気付いたら涙していたのだ。ヒカリも自分でびっくりしたが、家族も大いに動揺した。結果あれほど反対していた二人が折れたほど、ヒカリが泣くというのは珍しい事だったのである。(ちなみに過去三度ほどヒカリも泣いた事はあるのだが、それは全部嬉し泣きだった。ロイが初めて立った時とか)
「〜〜〜〜〜〜っっ!」
一連のやり取りを思い出してしまったヒカリは、布団の中で悶絶する。
四十路のおっさんが泣き落としって!!
恥ずか死にそうになるのを堪え、明日に備えて必死に眠ろうとするヒカリであった。
*
翌朝、少々寝不足のヒカリは父と共に町に向けて出発した。
簡素な荷馬車は思った以上にガタガタと揺れて、快適とは言い難い。けれどそんなことは気にならないくらい、ヒカリの心は浮き立っている。
御者台のすぐ後ろから景色を眺めていたヒカリだったが、地形やら植物やら気になるものがたくさんあって、ついつい前に座る父を質問責めにしていた。そんなヒカリにイベカは優しく答えてくれたのだが、その一つ一つが深い知識に裏打ちされた、的確で淀みない答えだった。
考えてみれば、ヒカリはこうして父と二人きりでじっくりと話をしたことがなかった。
普段聞き役に回ることが多い印象のイベカだが、話してみればやはりあのドットの息子なのだと、今更ながらにヒカリは感心していた。
本当に良い男だなあ、父さんは。
ヒカリはその逞しい背中をぼんやり見つめながら、「企業が欲しがるのはこういう人材なんだよな」などと考えて、思わず苦笑いした。
ヒカリの前世である村上光一は、転職や移動などで職種は何度か変わったが、一番長かったのが人事コンサルタントだった。ざっくり言うと、クライアント企業が求める人材の採用、育成を手伝う仕事だ。
そう言えばそれももう十一年前だもんな
前世の記憶などいっそ無い方が良かったとすら思った事もあったが、あれ程がむしゃらに働いていた事も忘れ掛けていたかと思うと、何だか寂しい気がした。
「ヒカリ?疲れたのか?」
先ほどまで珍しくはしゃいでいたヒカリが、急に老人のような顔をしているのを見てぎょっとしたイベカが、心配そうに声を掛ける。

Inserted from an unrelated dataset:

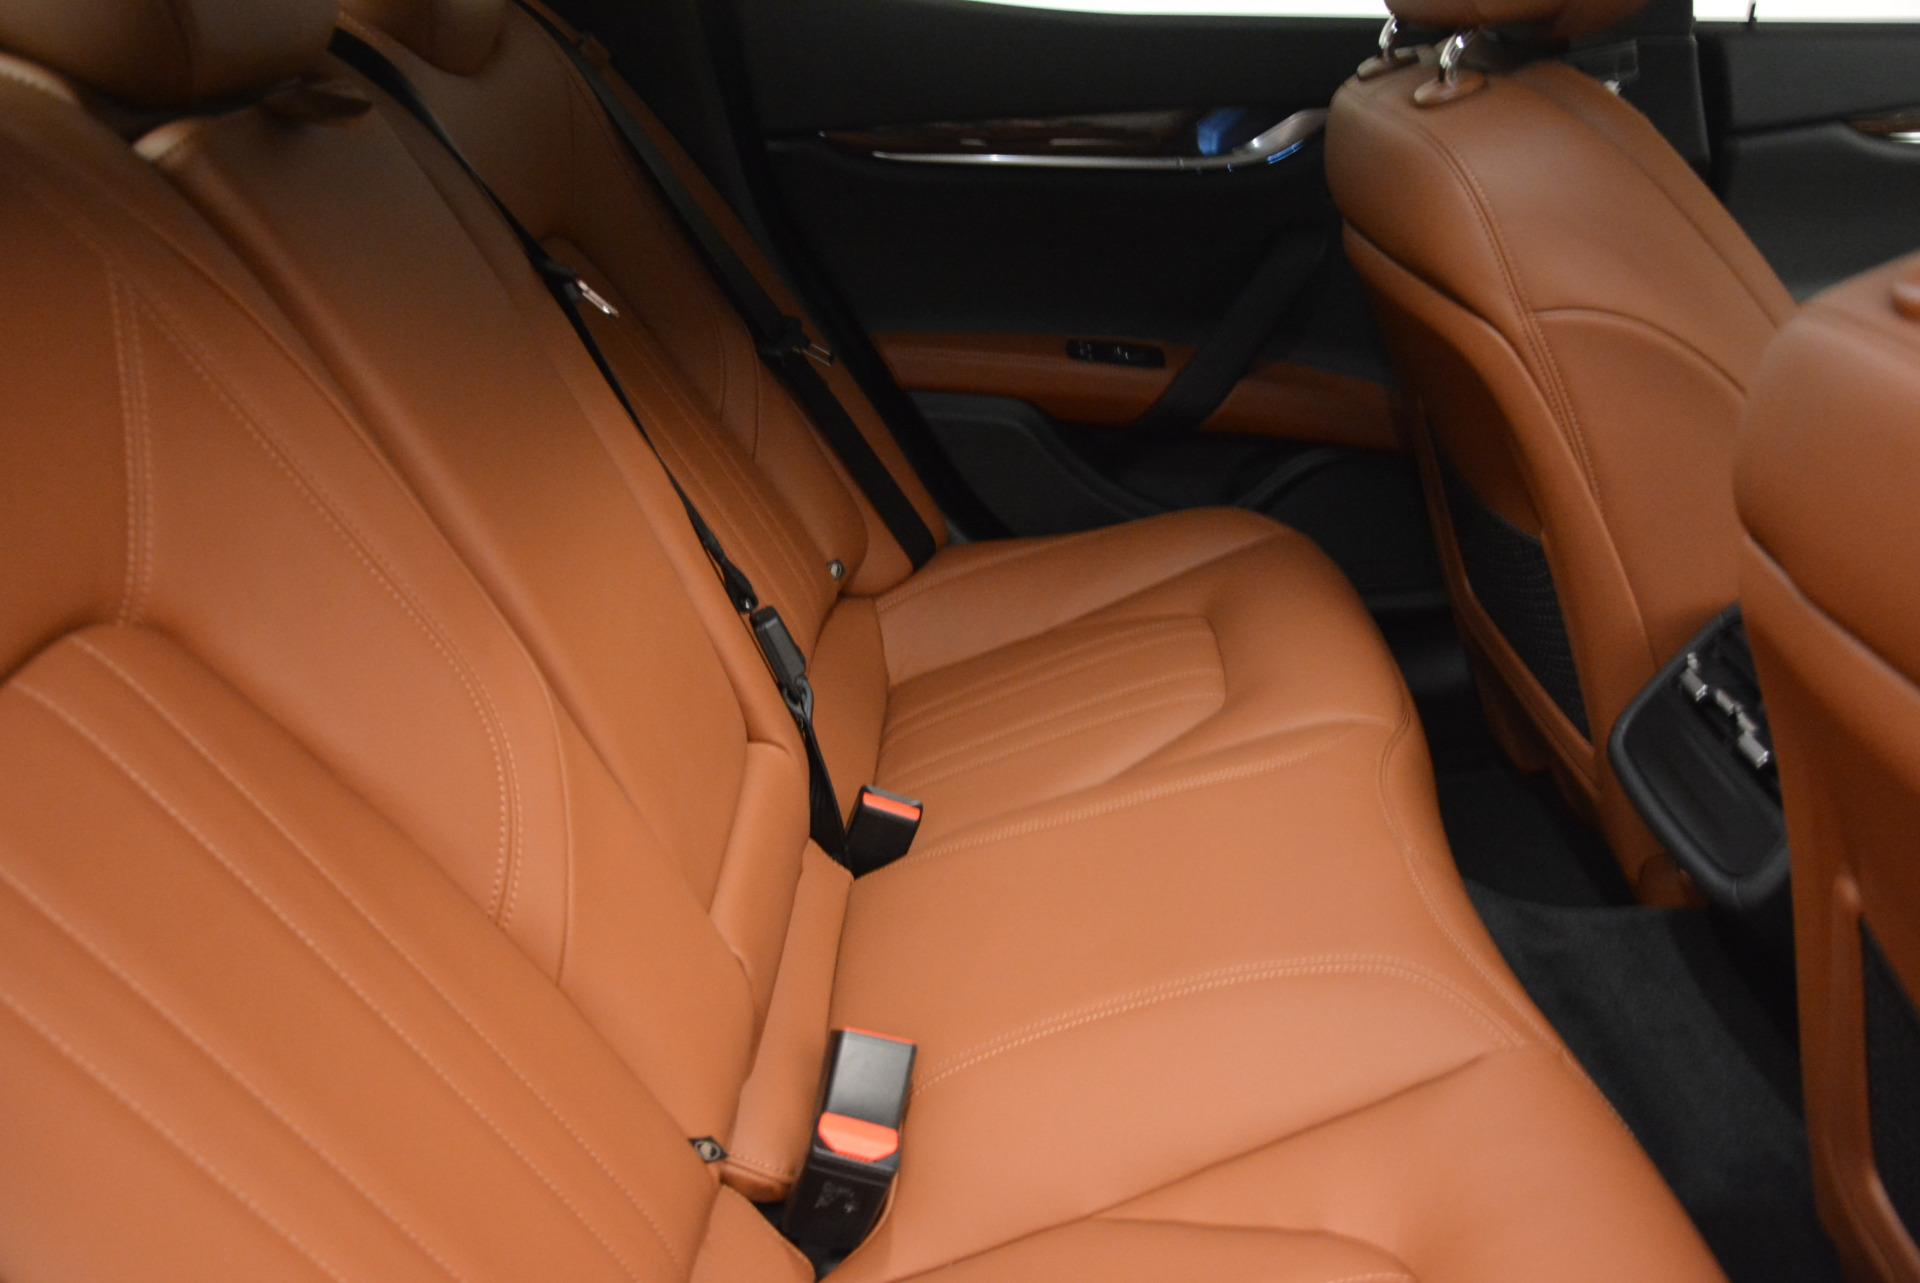 Used 2017 Maserati Ghibli S Q4  EX-LOANER For Sale In Greenwich, CT. Alfa Romeo of Greenwich, W311 565_p23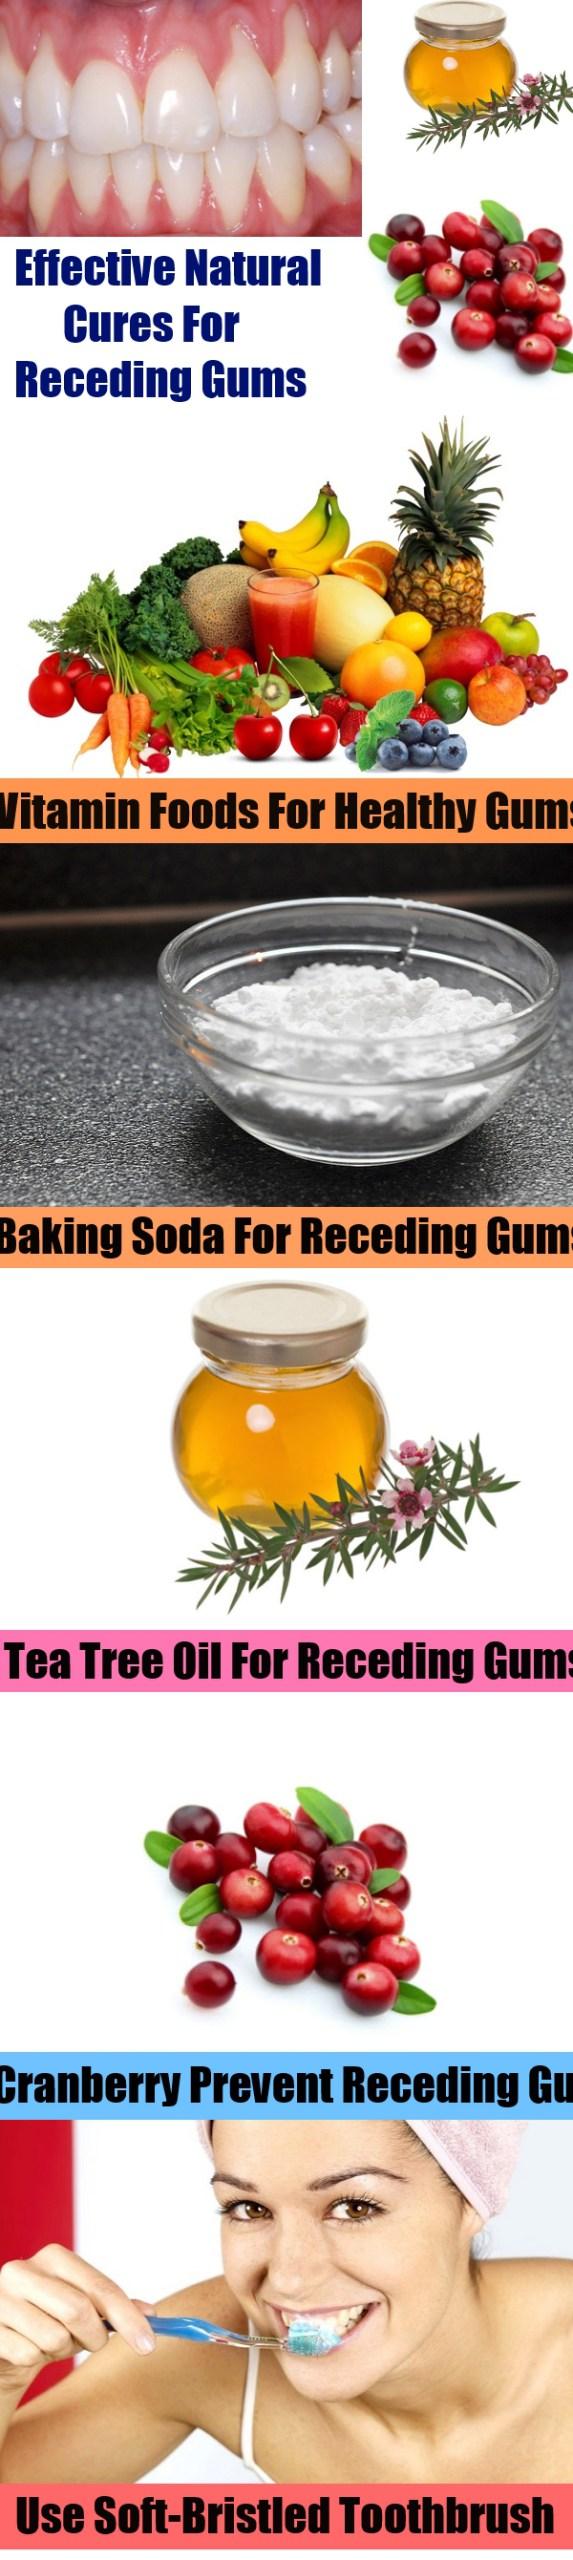 Effective Natural Cures For Receding Gums

「え、ううん、あー、っとそうだ、魔獣のことを教えて」
「ヒカリはもうドットから色々聞いているんだろう?」
「うん、でもお父さんの話も聞きたかったの」
確かに魔獣の種類や生態についてドットの話や書物で学んではいたが、村で実際に見たことがあるのはせいぜい一角兎のような小型獣や、食肉として狩られてきた鬼猪くらいだ。
ドットが冒険者として魔獣と相対していたのはかなり前だし、ここ一帯の魔獣の現状についてはイベカの方が詳しいだろう。
ヒカリがそう言うと、
「はは、ヒカリはやっぱり賢いんだなあ」
可愛い娘に「お父さんの話が聞きたい」と言われ、イベカも満更ではないらしい。